Optimizing with OpenMDAO¶
If you don't already have OpenMDAO, you can install it with pip install OpenMDAO
OpenMDAO doesn't actually do any of the optimization, it is simply a convenient framework for forming models for optimization. It installs SciPy along with its optimizer as a dependency during the installation process. If you want access to additional optimizers, I recommend the pyOptSparse library.
Adding OptVL to a model¶
OptVL comes with OpenMDAO components to make it simple to include it into an OpenMDAO model. All the hard/tedious work of specifying how the gradient functions should be called is already done for you in this group.

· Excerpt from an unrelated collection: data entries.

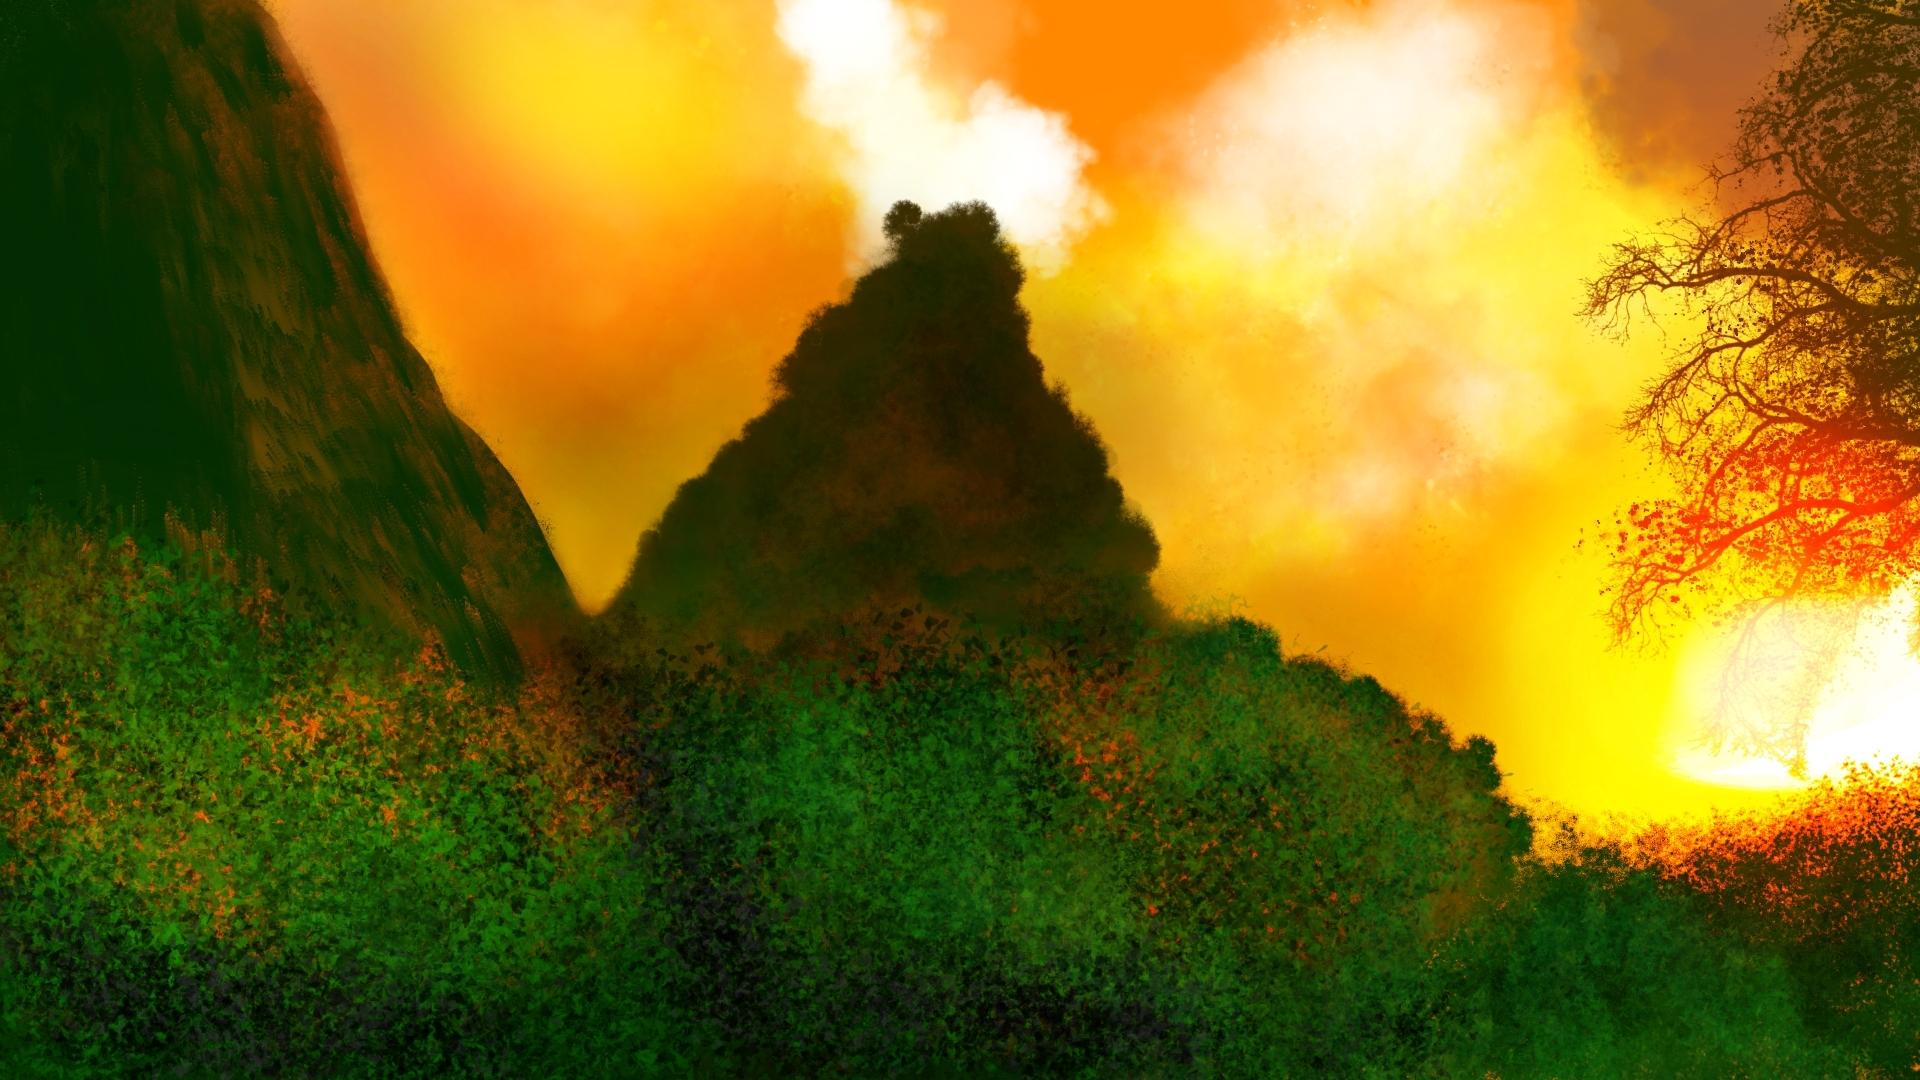 Digital Art Digital Painting Nature 1920x1080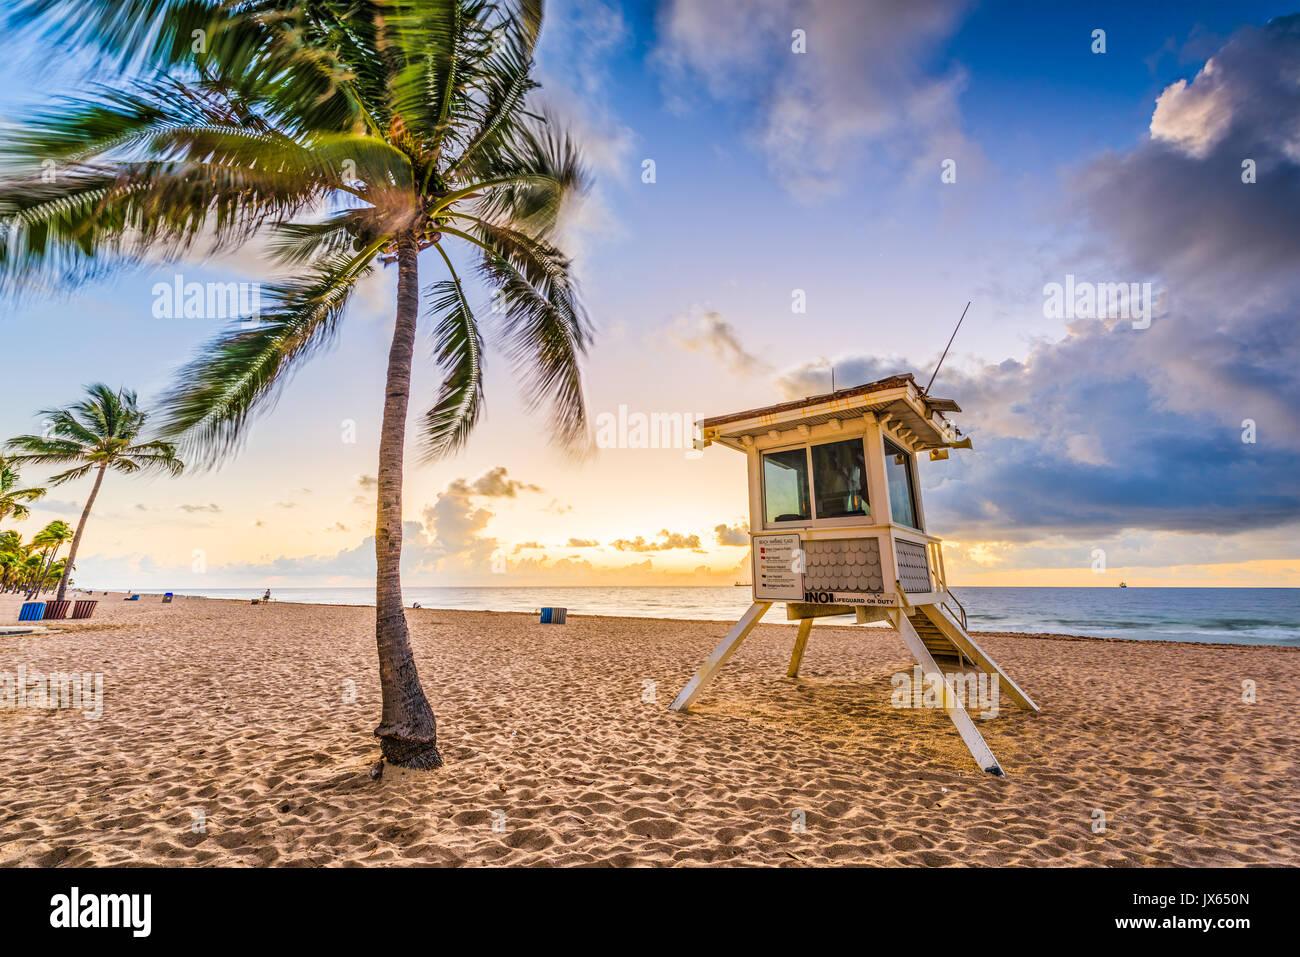 Fort Lauderdale Beach, Florida, USA. - Stock Image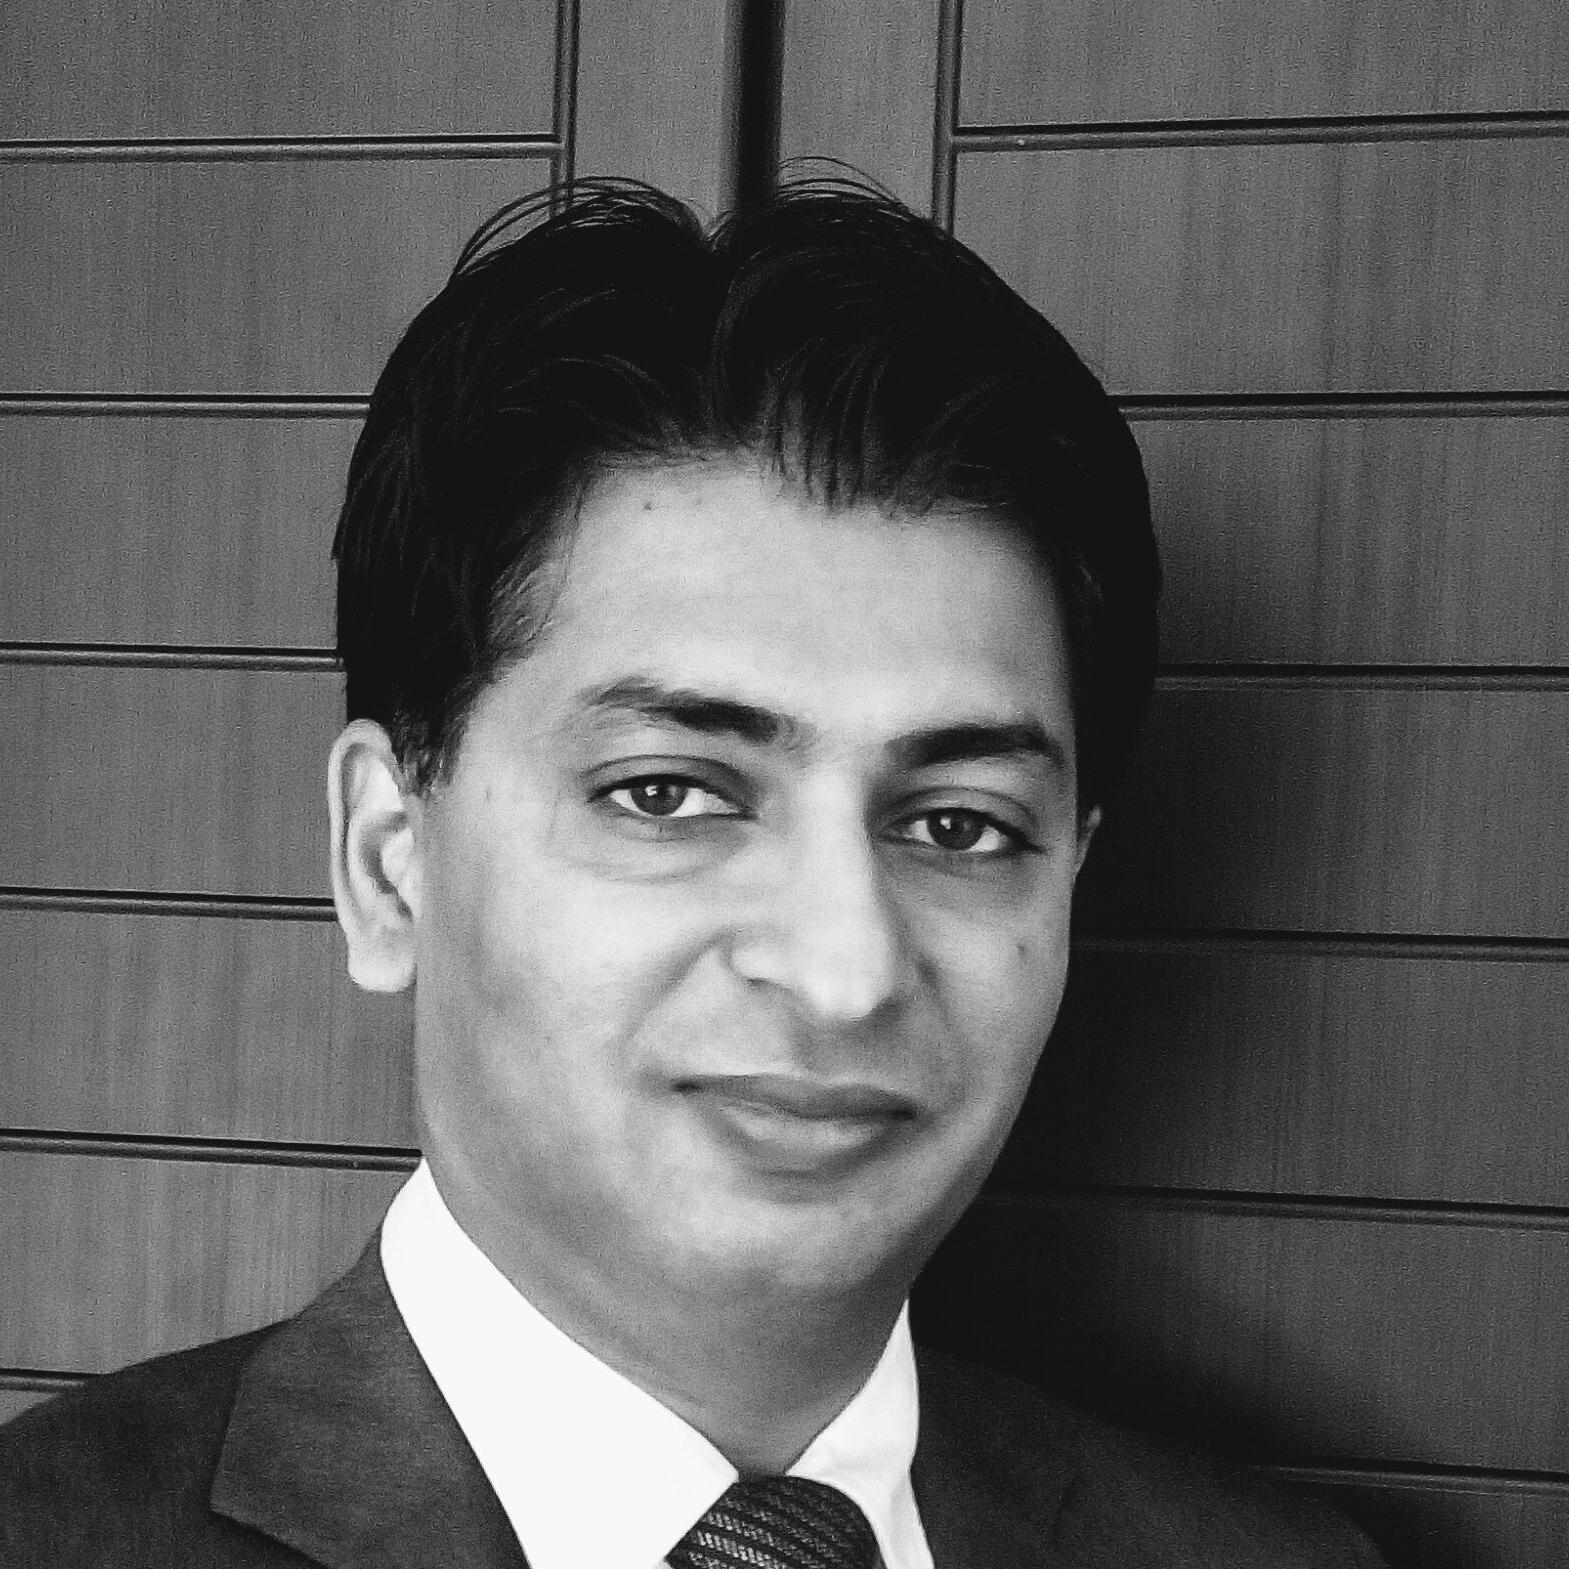 Nishant Govil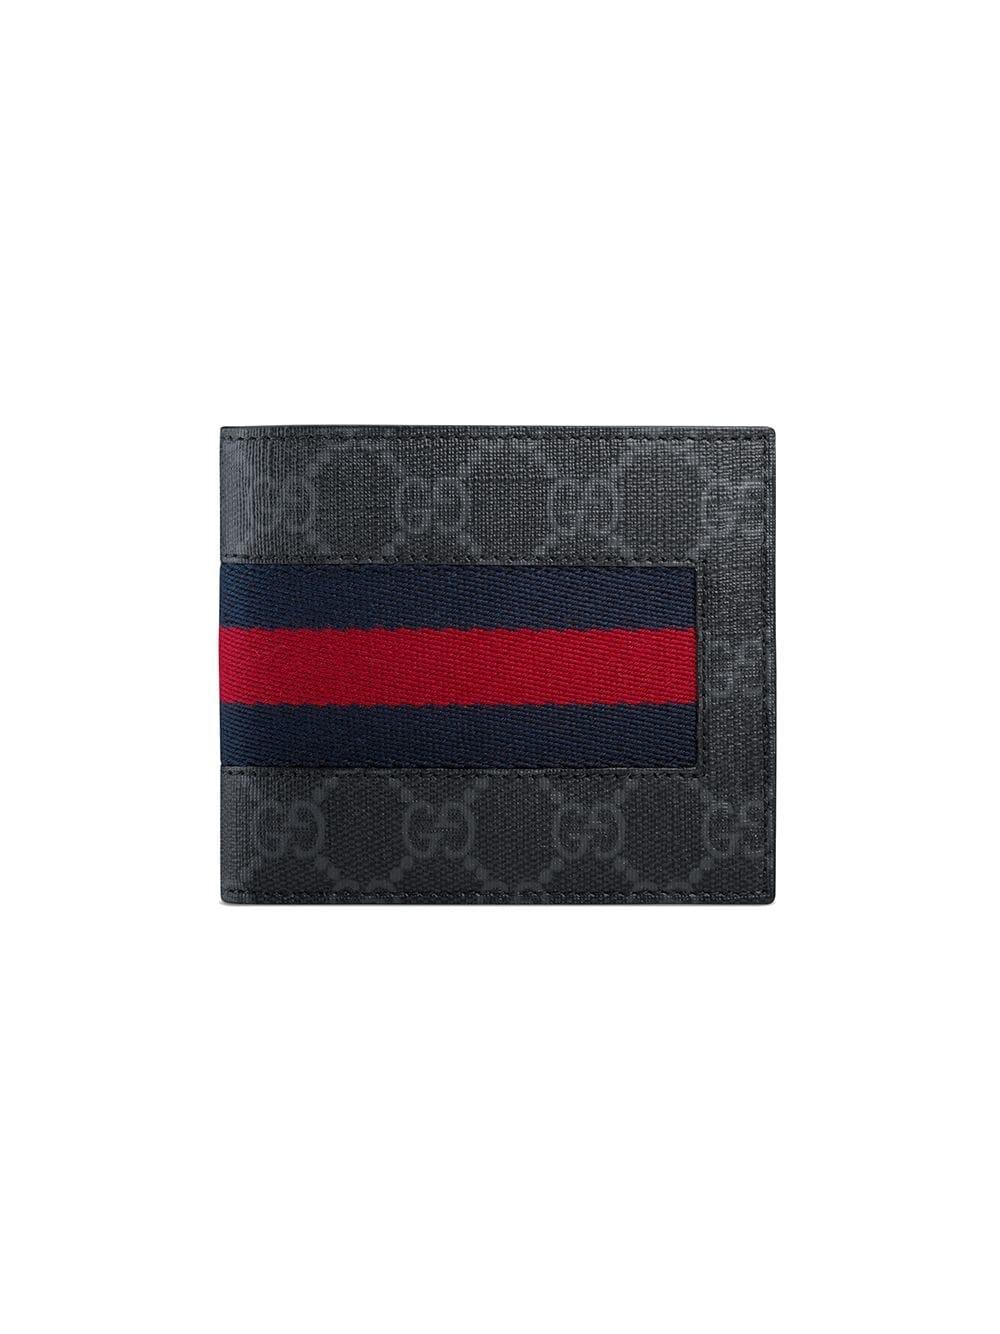 Gucci Bifold Coin Wallet GG Supreme Web Black

Simply import the group and add it to your model.
import openmdao.api as om
from optvl import OVLGroup
model = om.Group()
model.add_subsystem("ovlsolver", OVLGroup(geom_file="aircraft.avl", mass_file="aircraft.mass"))
alpha
and beta
are automatically exposed as inputs to the group.
The geometric variables of each surface are added as inputs of the form <surface name>:<geo variable>
.
To turn on other inputs such as the reference values and case parameters, use the "input_param_vals" and "input_ref_vals" keywords to the group, respectively.
model.add_subsystem("ovlsolver", OVLGroup(geom_file="aircraft.avl",input_param_vals=True, input_ref_vals=True))
CL
, CD
, and CM
are automatically added as outputs.
To add stability derivatives or control surface derivatives as outputs, just use the output_stability_derivs
and output_con_surf_derivs
keyword arguments to the group to turn them on.
model.add_subsystem("ovlsolver", OVLGroup(geom_file="aircraft.avl", output_stability_derivs=True, output_con_surf_derivs=True))
Output options¶
To write out the AVL geometry and the TecPlot surface CP file at every time step, use the option write_grid=True
.
Additionally, if you are not interested in viewing the files in ParaView and instead only want to use TecPlot 360, then I also recommend adding write_grid_sol_time=True
.
model.add_subsystem("ovlsolver", OVLGroup(geom_file="aircraft.avl", write_grid=True))
# for easier postprocessing in TecPlot 360 (not compatible with ParaView)
model.add_subsystem("ovlsolver", OVLGroup(geom_file="aircraft.avl", write_grid=True, write_grid_sol_time=True ))
Setting design variables¶
For simple optimization problems, the inputs and outputs can be directly added as design variables, objective functions, and constraints.
# directly setting the inputs as design variables
model.add_design_var("ovlsolver.Wing:aincs", lower=-10, upper=10)
model.add_design_var("ovlsolver.Elevator", lower=-10, upper=10)
# the outputs of OptVL can be used as constraints
model.add_constraint("ovlsolver.CL", equals=1.5)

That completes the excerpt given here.